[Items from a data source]
"""
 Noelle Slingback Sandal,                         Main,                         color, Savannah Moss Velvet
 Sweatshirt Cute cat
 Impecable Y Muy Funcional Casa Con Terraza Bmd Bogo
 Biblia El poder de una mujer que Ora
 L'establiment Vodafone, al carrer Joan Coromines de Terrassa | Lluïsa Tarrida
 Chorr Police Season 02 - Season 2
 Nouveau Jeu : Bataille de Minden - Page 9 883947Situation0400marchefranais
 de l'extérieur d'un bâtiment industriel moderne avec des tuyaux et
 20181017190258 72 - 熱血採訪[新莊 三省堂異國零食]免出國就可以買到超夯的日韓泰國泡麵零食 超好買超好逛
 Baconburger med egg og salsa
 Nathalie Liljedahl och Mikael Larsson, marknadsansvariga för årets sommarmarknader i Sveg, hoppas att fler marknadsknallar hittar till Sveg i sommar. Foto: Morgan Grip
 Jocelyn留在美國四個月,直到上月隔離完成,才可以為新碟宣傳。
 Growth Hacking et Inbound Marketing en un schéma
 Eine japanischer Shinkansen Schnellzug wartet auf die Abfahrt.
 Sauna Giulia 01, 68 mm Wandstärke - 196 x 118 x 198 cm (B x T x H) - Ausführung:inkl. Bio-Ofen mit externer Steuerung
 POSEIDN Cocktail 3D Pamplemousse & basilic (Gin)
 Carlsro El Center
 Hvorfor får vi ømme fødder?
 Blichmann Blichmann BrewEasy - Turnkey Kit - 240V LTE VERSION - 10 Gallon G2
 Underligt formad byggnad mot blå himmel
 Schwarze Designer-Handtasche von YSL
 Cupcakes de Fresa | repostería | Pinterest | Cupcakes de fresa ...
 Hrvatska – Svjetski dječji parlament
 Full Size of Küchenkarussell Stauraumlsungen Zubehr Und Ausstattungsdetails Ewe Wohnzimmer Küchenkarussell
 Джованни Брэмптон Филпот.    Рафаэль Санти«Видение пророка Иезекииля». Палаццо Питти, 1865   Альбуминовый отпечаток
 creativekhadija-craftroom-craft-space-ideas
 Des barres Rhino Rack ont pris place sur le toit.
"""
### PROBLEM TO WORK ON
Nothing in the entries should be skipped. Output them all exactly.

### ANSWER TO THIS TASK
 Noelle Slingback Sandal,                         Main,                         color, Savannah Moss Velvet
 Sweatshirt Cute cat
 Impecable Y Muy Funcional Casa Con Terraza Bmd Bogo
 Biblia El poder de una mujer que Ora
 L'establiment Vodafone, al carrer Joan Coromines de Terrassa | Lluïsa Tarrida
 Chorr Police Season 02 - Season 2
 Nouveau Jeu : Bataille de Minden - Page 9 883947Situation0400marchefranais
 de l'extérieur d'un bâtiment industriel moderne avec des tuyaux et
 20181017190258 72 - 熱血採訪[新莊 三省堂異國零食]免出國就可以買到超夯的日韓泰國泡麵零食 超好買超好逛
 Baconburger med egg og salsa
 Nathalie Liljedahl och Mikael Larsson, marknadsansvariga för årets sommarmarknader i Sveg, hoppas att fler marknadsknallar hittar till Sveg i sommar. Foto: Morgan Grip
 Jocelyn留在美國四個月,直到上月隔離完成,才可以為新碟宣傳。
 Growth Hacking et Inbound Marketing en un schéma
 Eine japanischer Shinkansen Schnellzug wartet auf die Abfahrt.
 Sauna Giulia 01, 68 mm Wandstärke - 196 x 118 x 198 cm (B x T x H) - Ausführung:inkl. Bio-Ofen mit externer Steuerung
 POSEIDN Cocktail 3D Pamplemousse & basilic (Gin)
 Carlsro El Center
 Hvorfor får vi ømme fødder?
 Blichmann Blichmann BrewEasy - Turnkey Kit - 240V LTE VERSION - 10 Gallon G2
 Underligt formad byggnad mot blå himmel
 Schwarze Designer-Handtasche von YSL
 Cupcakes de Fresa | repostería | Pinterest | Cupcakes de fresa ...
 Hrvatska – Svjetski dječji parlament
 Full Size of Küchenkarussell Stauraumlsungen Zubehr Und Ausstattungsdetails Ewe Wohnzimmer Küchenkarussell
 Джованни Брэмптон Филпот.    Рафаэль Санти«Видение пророка Иезекииля». Палаццо Питти, 1865   Альбуминовый отпечаток
 creativekhadija-craftroom-craft-space-ideas
 Des barres Rhino Rack ont pris place sur le toit.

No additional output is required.